Осторожности ради Лешуков зыркнул по сторонам, а потом трясущимися руками стягивал кафтан, рубаху, штаны, сбросил новые, немецкого покроя сапоги с рубчатыми рантами, разложил эту одежку на гладком сером валуне и стал облачаться в старье. В серых портах, рубахе и липовых лаптях, с мешком за плечами и суковатой палкой в руке он вполне мог сойти и за холопа, и за бродяжку-нищего, бредущего к паперти собора. Оглянувшись на оставленную одежу, которая бросится любому в глаза, когда его начнут искать, он быстро прошел кромкой берега, миновал ближний мост и скоро очутился в густом березняке. Конечно, его хватятся нынче же, но розыски отложат до утра. С рассвета начнут шарить по дну реки сетями, чтобы выловить утоп- шее тело, но он в это время будет уже далеко.
Месяца два добирался Лешуков до Пустозерска, отощал, ноги отяжелели, сам он ослаб, но духом не пал. Не заходя в Пустозерск, он отыскал в леске памятное место, где были захоронены останки Аввакума и его соузников, упал на жухлую траву, долго молился, распластываясь, исходя слезой.

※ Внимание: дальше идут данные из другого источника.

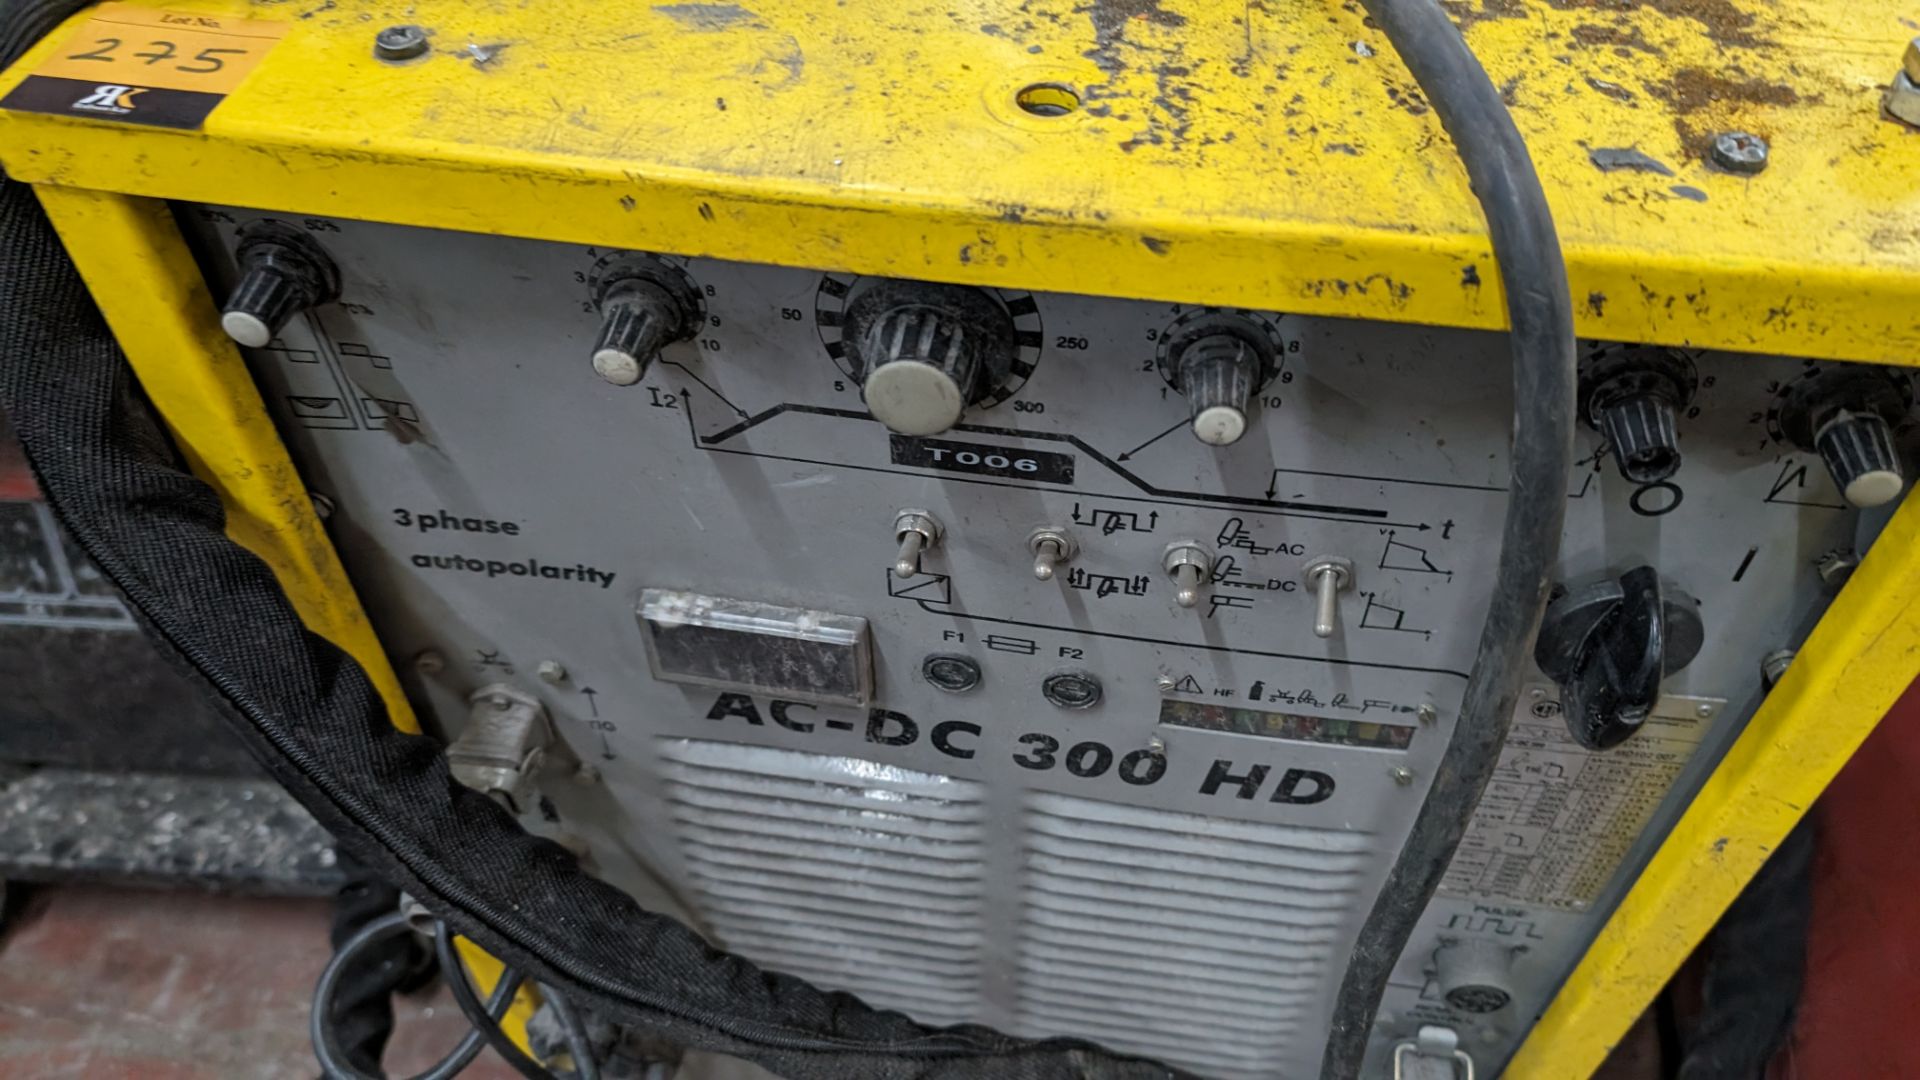 CEA AC/DC 300 HD welding unit - Image 5 of 10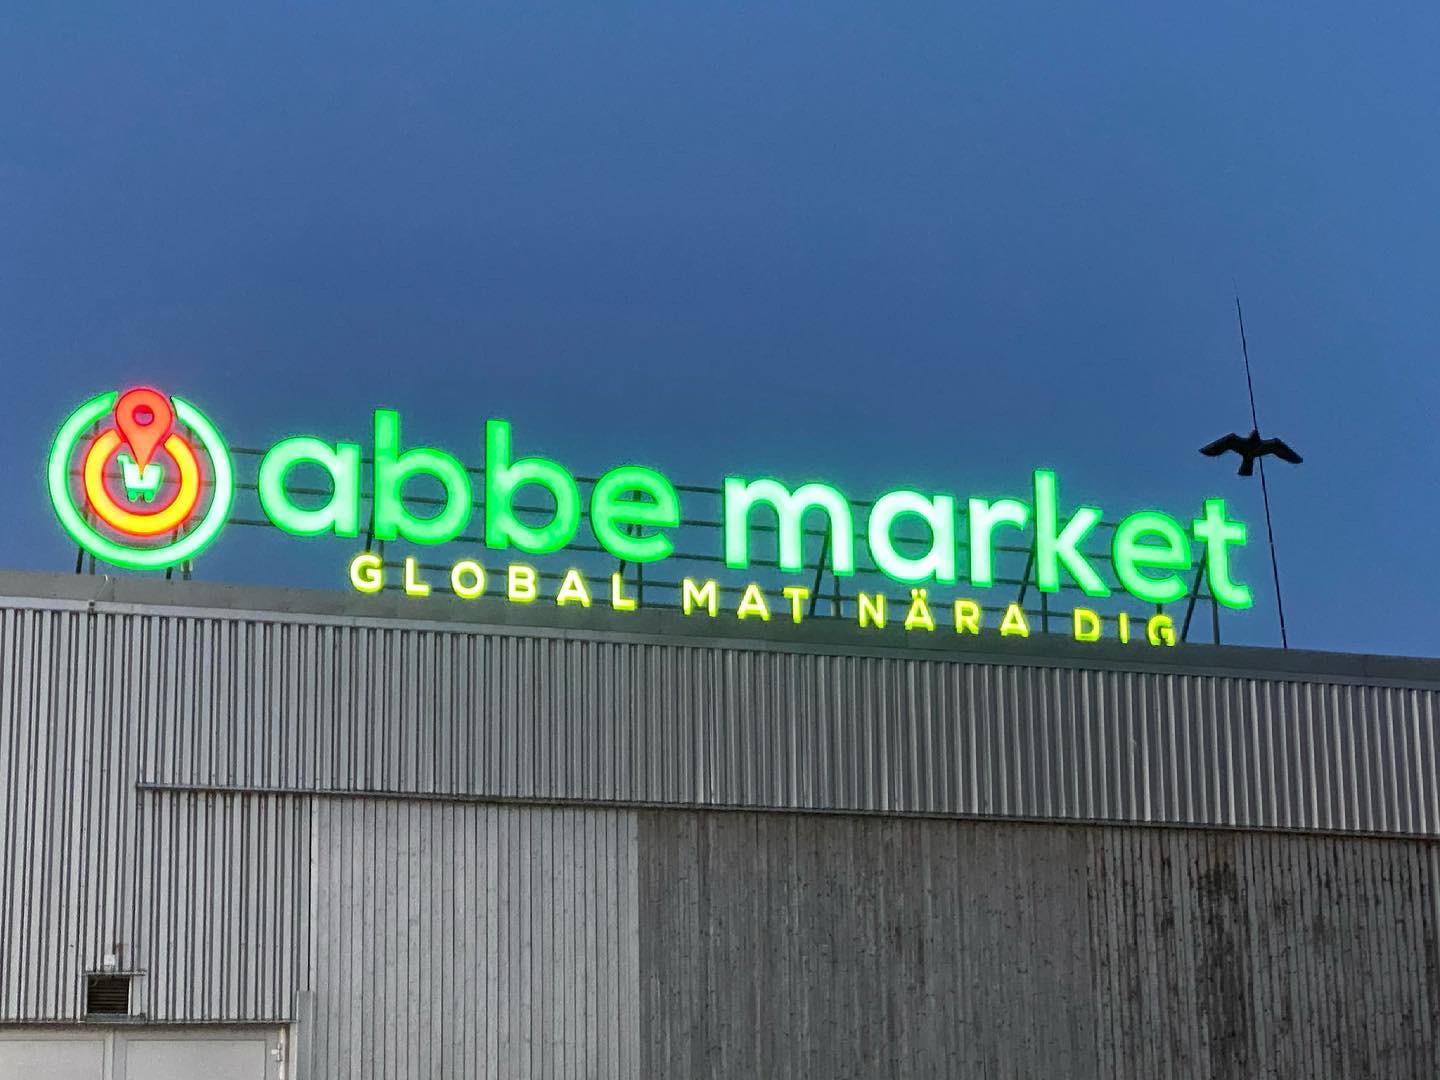 Abbe Market 2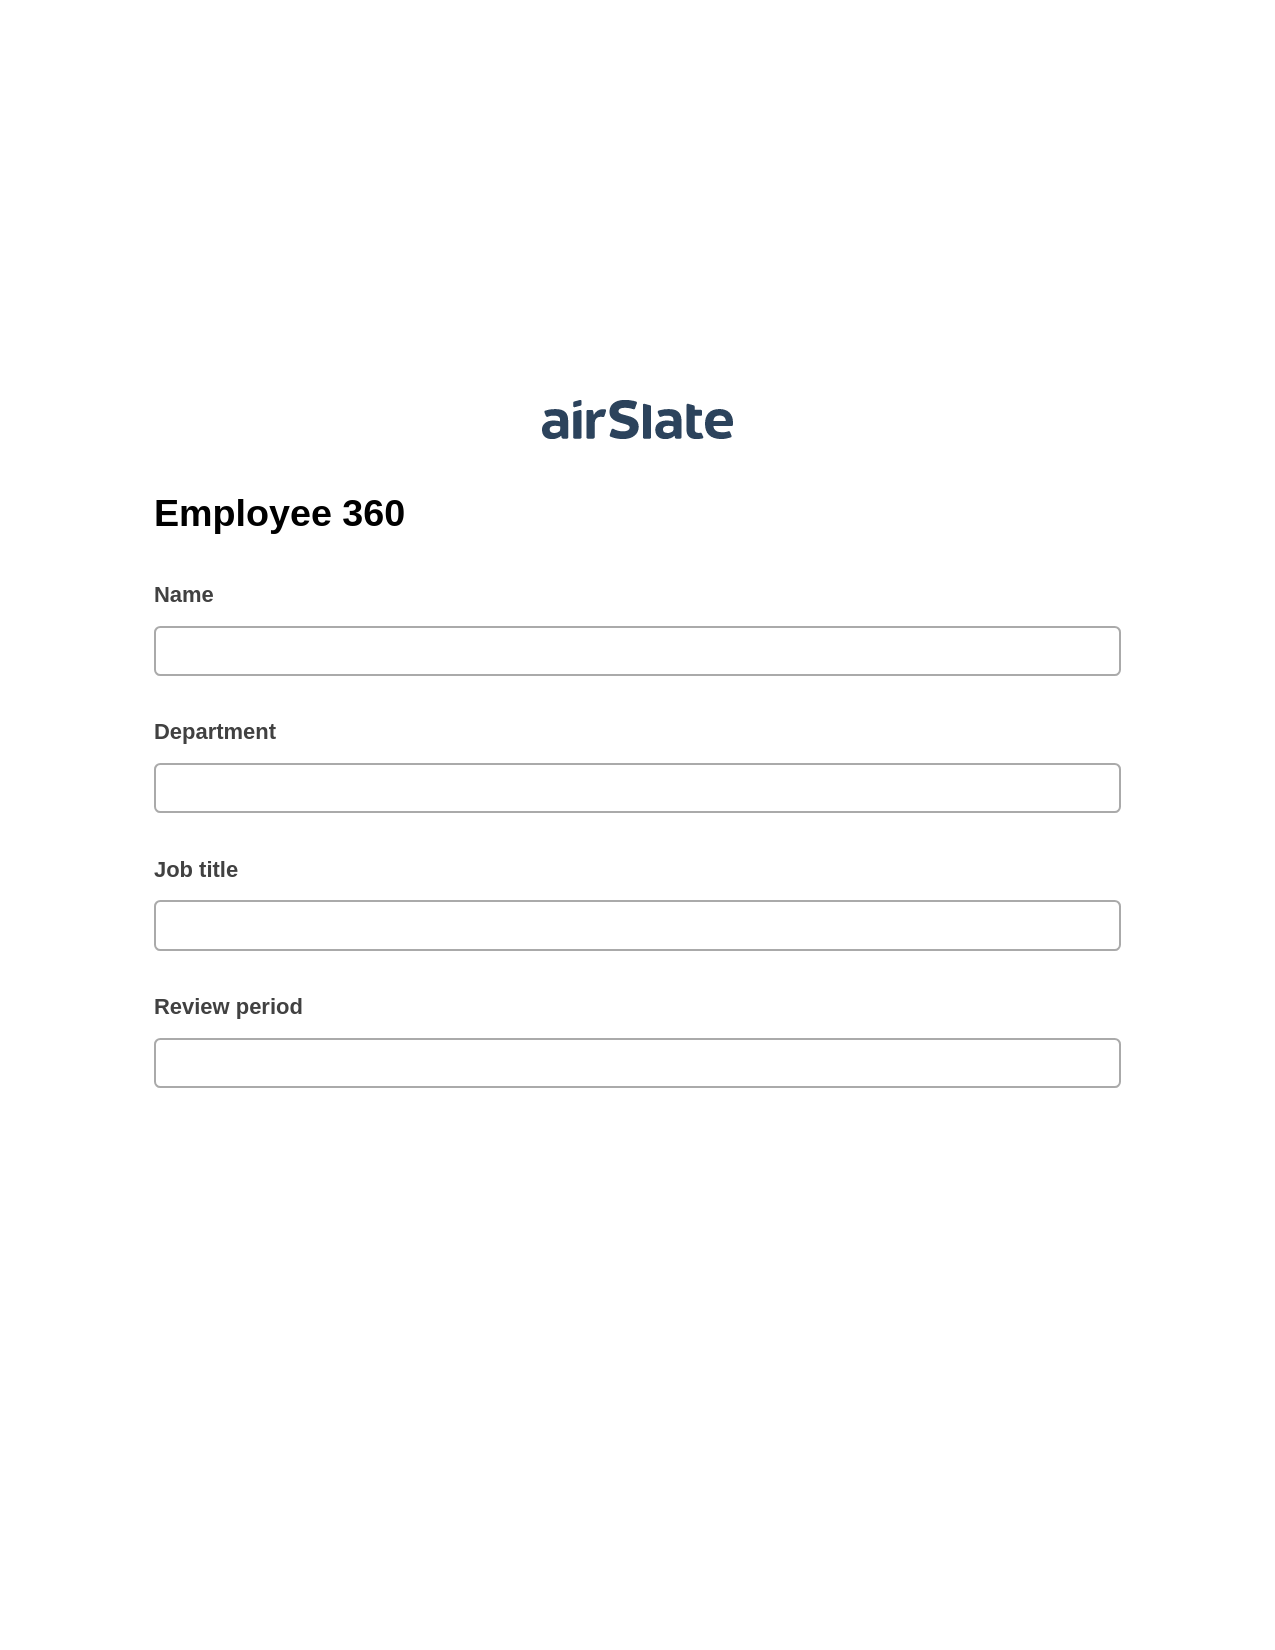 Employee 360 Pre-fill from Excel Spreadsheet Bot, Remove Slate Bot, Webhook Postfinish Bot

Целительным мнился ему его плач по загубленным, потому что оживала в душе надежда, что Господь услышит его мольбы и простит. Надо только найти скит Досифея, стать монахом, ревнителем старой веры, и тогда он очистится от скверны и грехов, накопившихся в нем за долгие годы. Он клал поклоны, пока не обессилел и не заснул тут же на земле. А утром, помочив сухарик в ручье, пожевал немного и побрел наугад, веря, что какая-нибудь тропа приведет его к лесным братьям. Лешуков стал ничейным человеком, божьим странником, и мог не тревожиться, что до него дотянется жестокая рука Антихриста. Он не боялся ни зверя, ни разбойного человека с пищалью, никому не была нужна его пустая сума за плечами, а от напастей его обороняла незримо святая и чистая вера, с которой ему суждено было доживать в праведности свой век.
ЧАСТЬ ТР Е Т Ь Я
Засыпал он легко, точно проваливался в теплый мрак, а пробуждаясь, выныривал из глуби иногда столь внезапно, будто кто-то грубо встряхивал его. Но стоило отрешиться от сна, расклеить веки, как он в единый миг сознавал, что он не холоп, не смерд, а всея Великие и Малые и Белые Руси самодержец.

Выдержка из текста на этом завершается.